*** Block opens ***

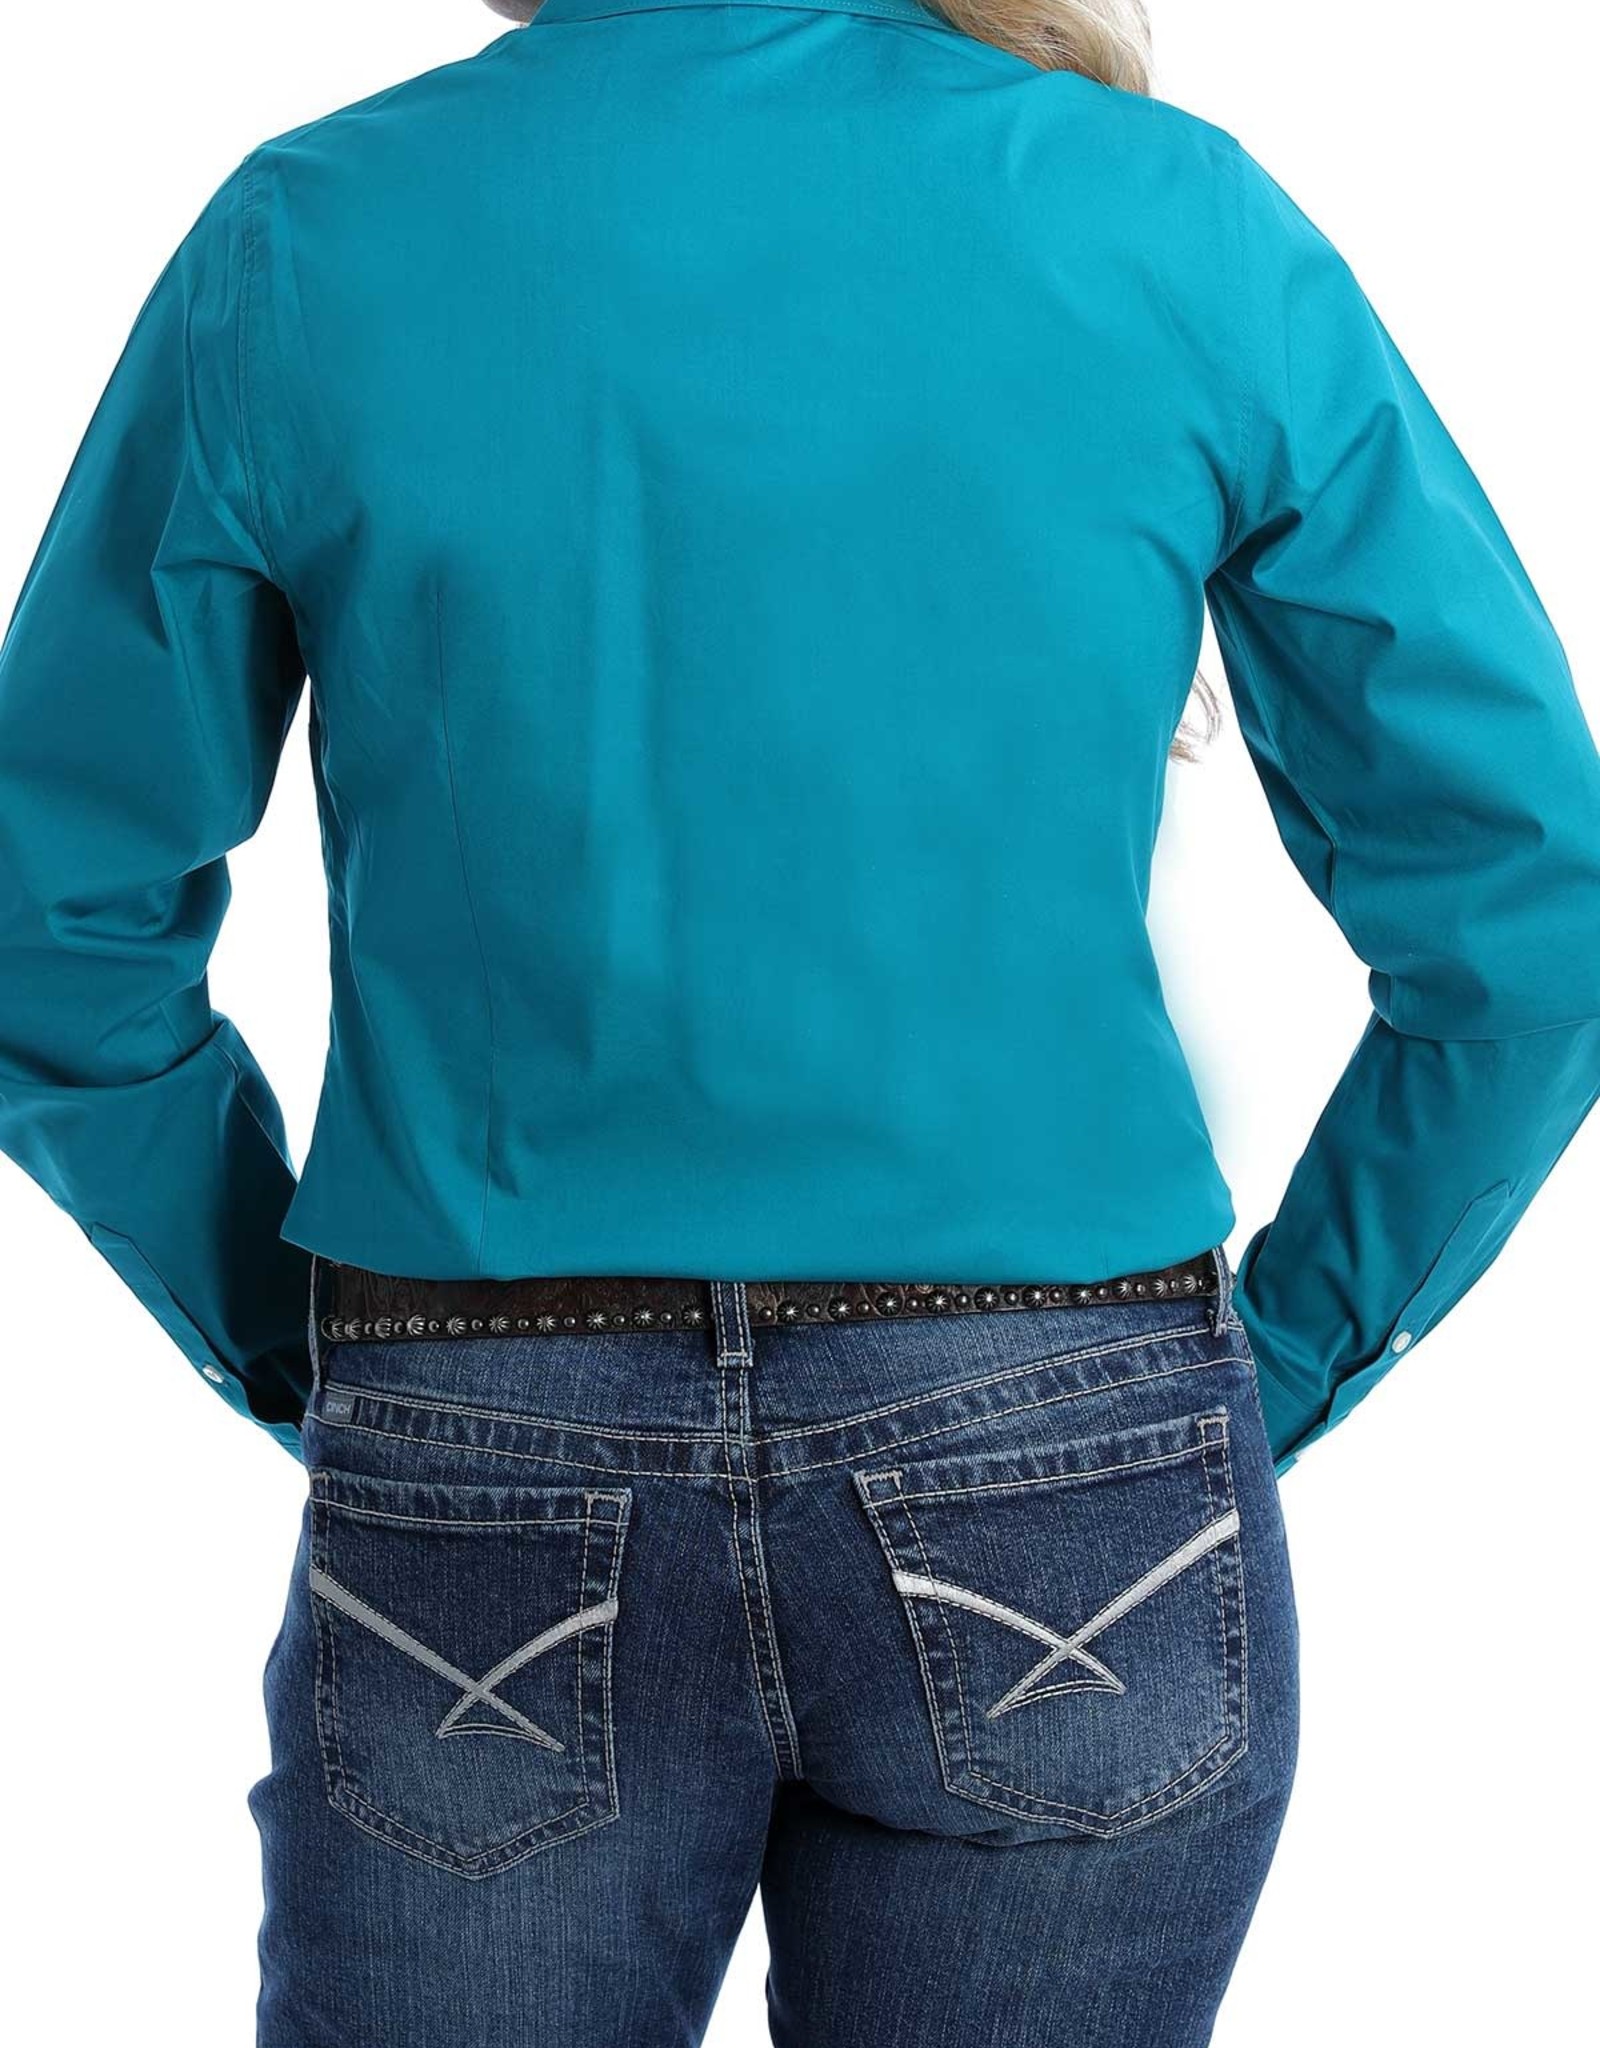 Cinch Womens Cinch Long Sleeve Solid Teal Button Down Western Shirt
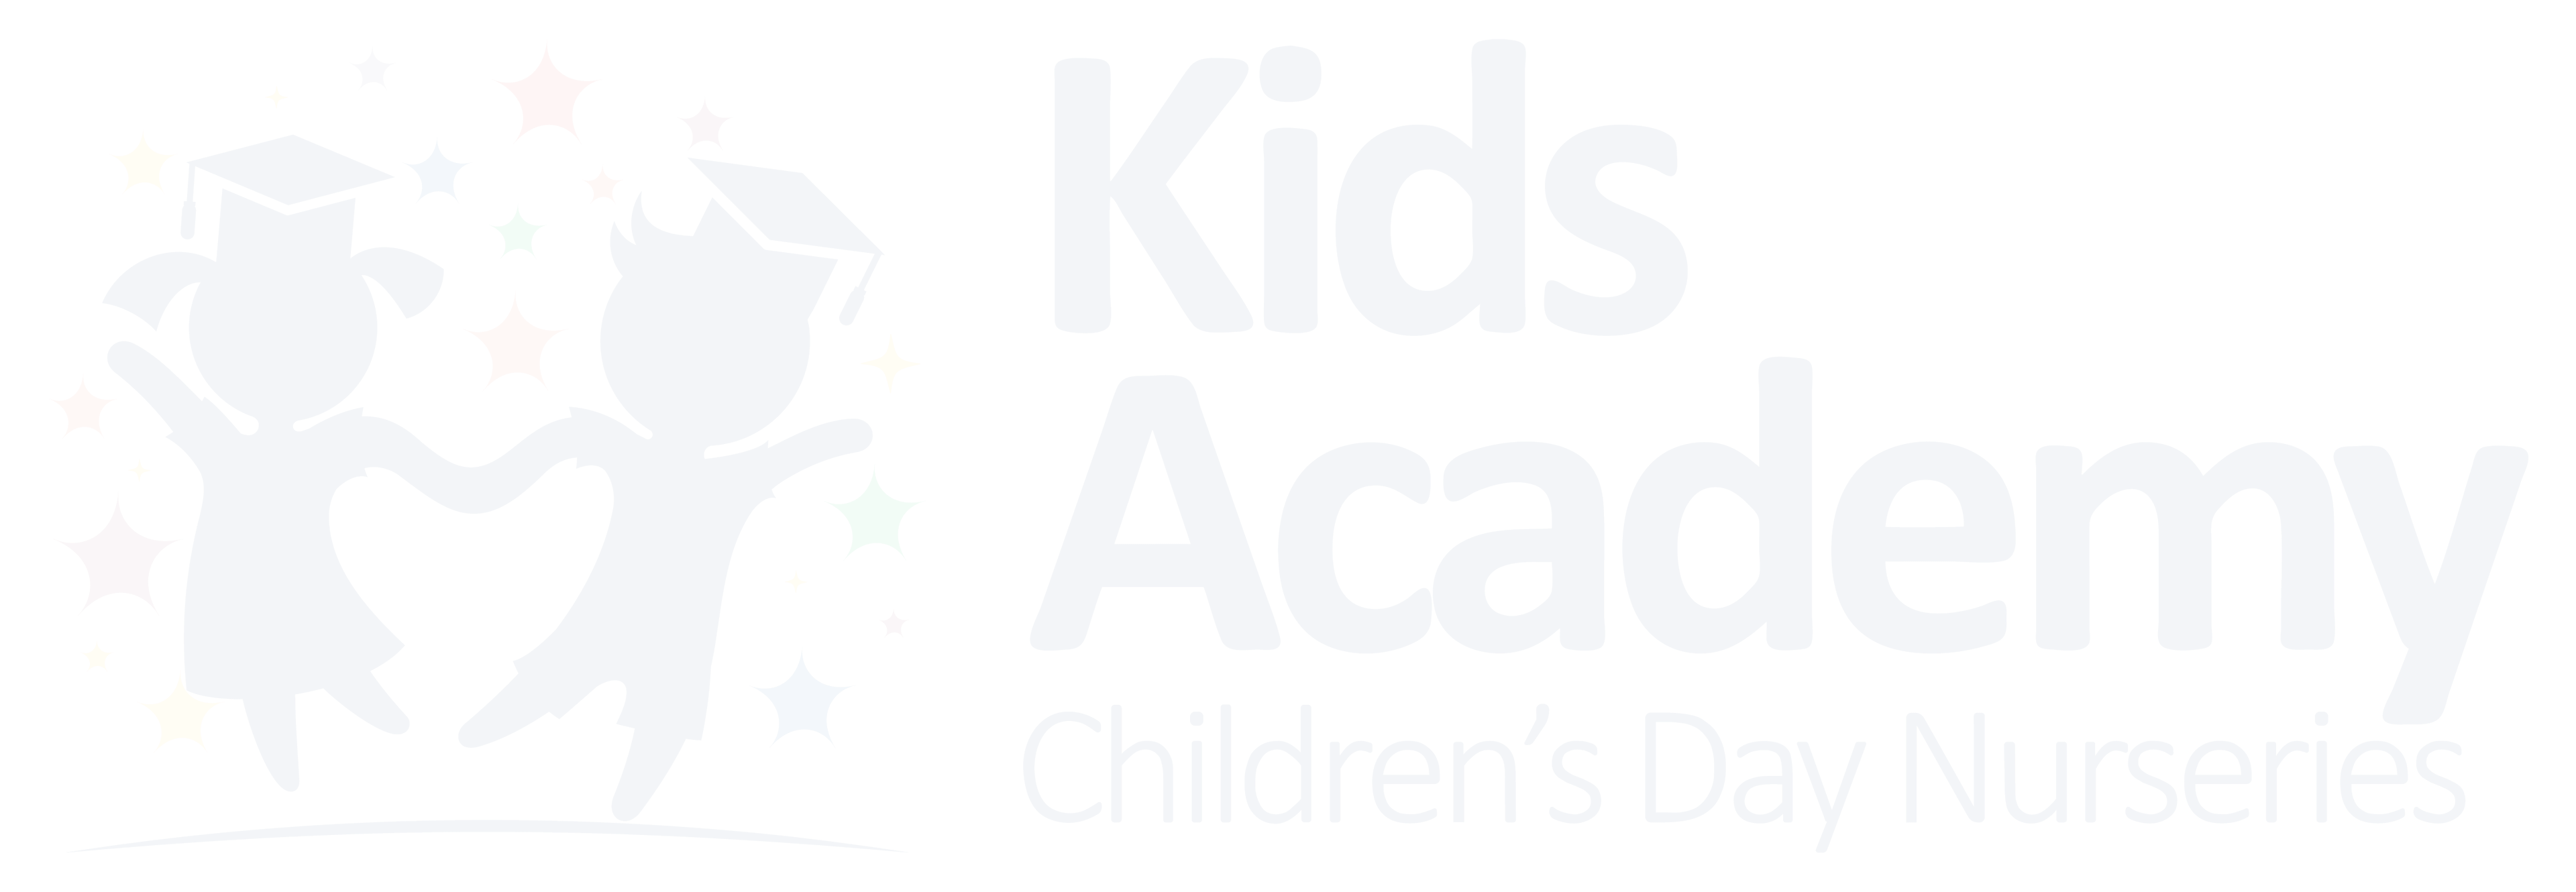 Kids Academy Nursery
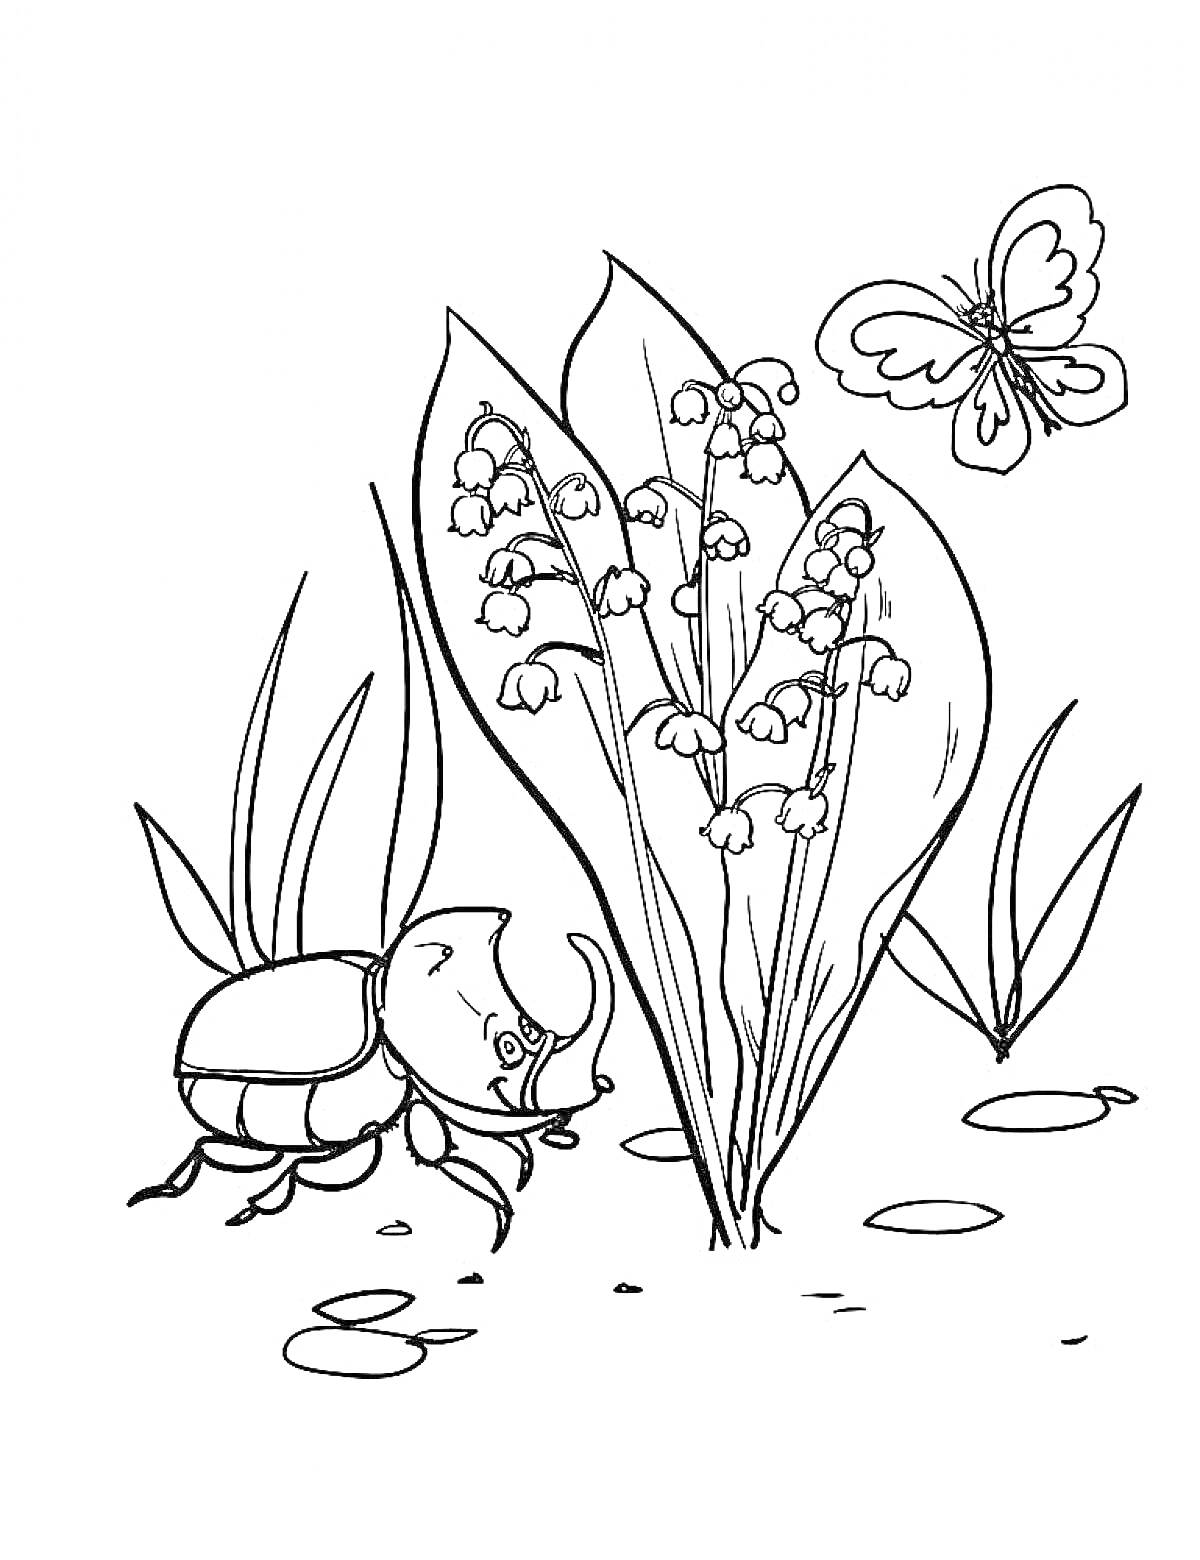 Ландыш, жук и бабочка на траве

*** Block closes ***

In the data above, the line containing "Kids Academy Nursery" and all lines after it are to be reproduced exactly, leaving out the pictures.

## YOUR RESPONSE
 Kids Academy Nursery
 Ландыш, жук и бабочка на траве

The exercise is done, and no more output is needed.